When Jacob had been a killer for hire, he’d loved no one, nothing. He had obeyed the rules of men like him, in the last years of the Cold War, that glorious time before CCTV cameras and DNA and civilians with cell phones. Never walk into a room with only one entrance and exit. Keep your back to the wall and your gun loaded. Always have a backup plan, a bug-out bag, a safe house. Keep your body taut and tight. Practice holds and escape maneuvers whenever a spare moment presents itself—in traffic, in the bathroom, in a shitty motel room in Thailand across the road from the sprawling resort where the target lay relaxing in their final hours of life.

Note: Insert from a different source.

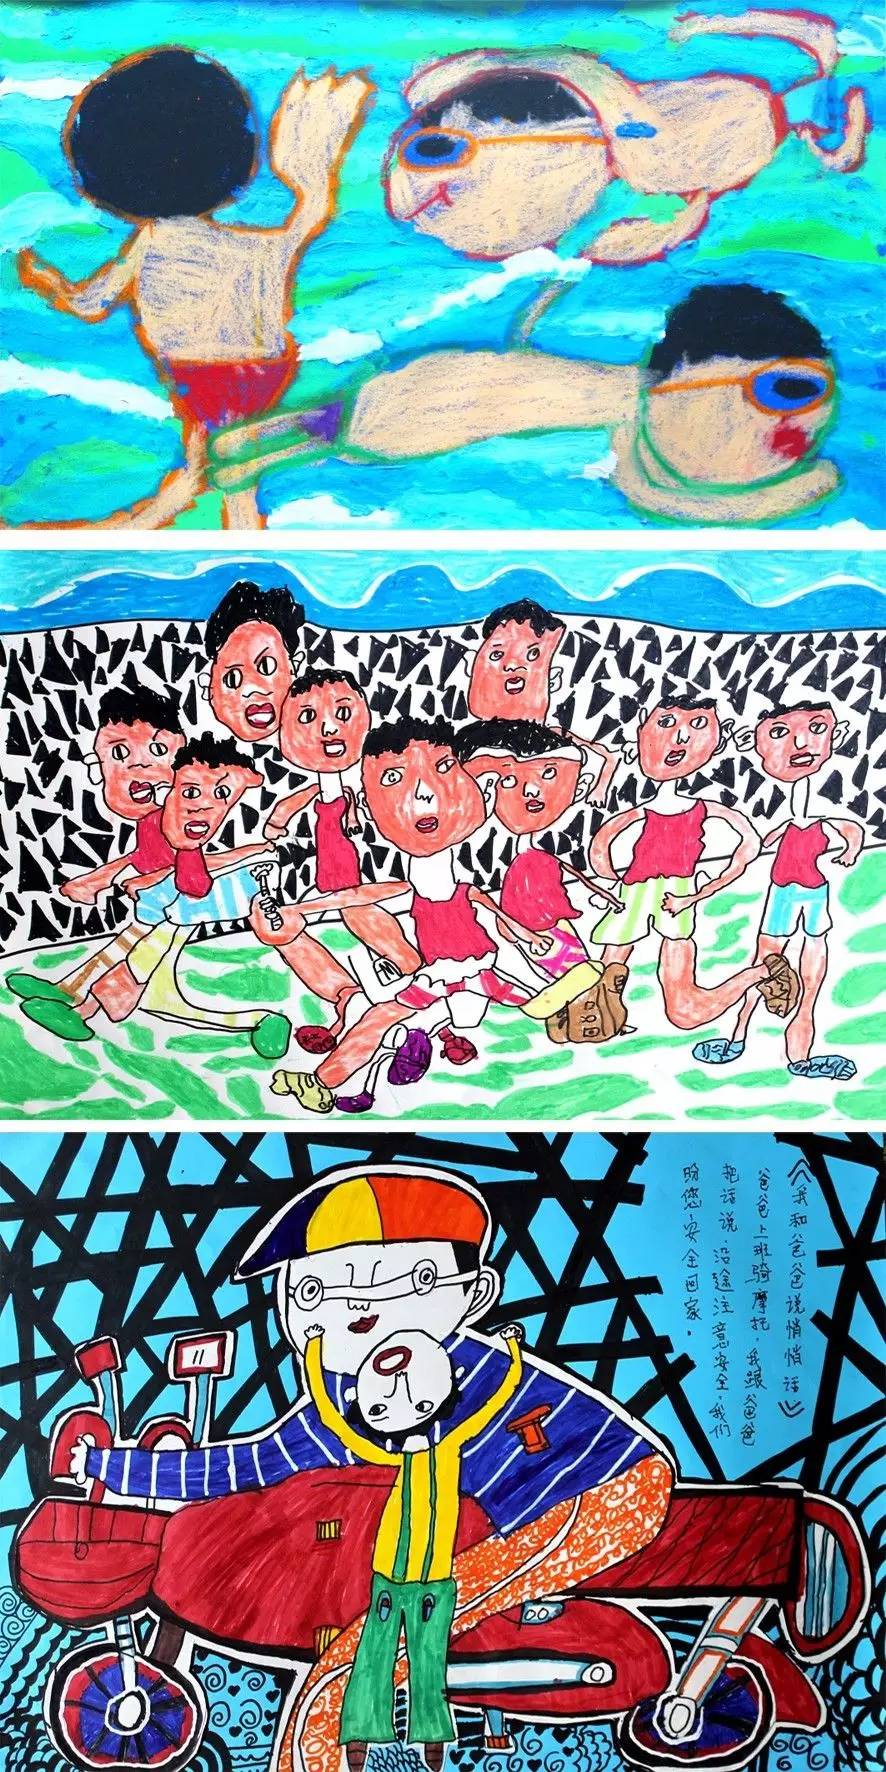 石求旭·水粉画《游泳啦》 林功勇·水彩画《运动会》

Jacob had abandoned all of it when he met Neina, told himself he wasn’t that man anymore. But that man would never die. He wasn’t as sharp anymore. Maybe he was carrying a couple of extra pounds. And his guns had been packed away, useless, in a cupboard in a basement. But the plan should never have changed. The old rules should have been obeyed.

Jacob crested the hill and pulled over, looked down at the house perched on the outcrop of cliffs looking over the vast, sparkling sea. The sun was hanging low over the horizon, making the windows of the house blaze pink. Jacob was glad he couldn’t see inside now. He knew as he sat there watching that there were no officers sitting around Neina on the couches, playing good cop to her while they tried to pry out what she knew. The gate to the property was open, and there were no cars in the driveway.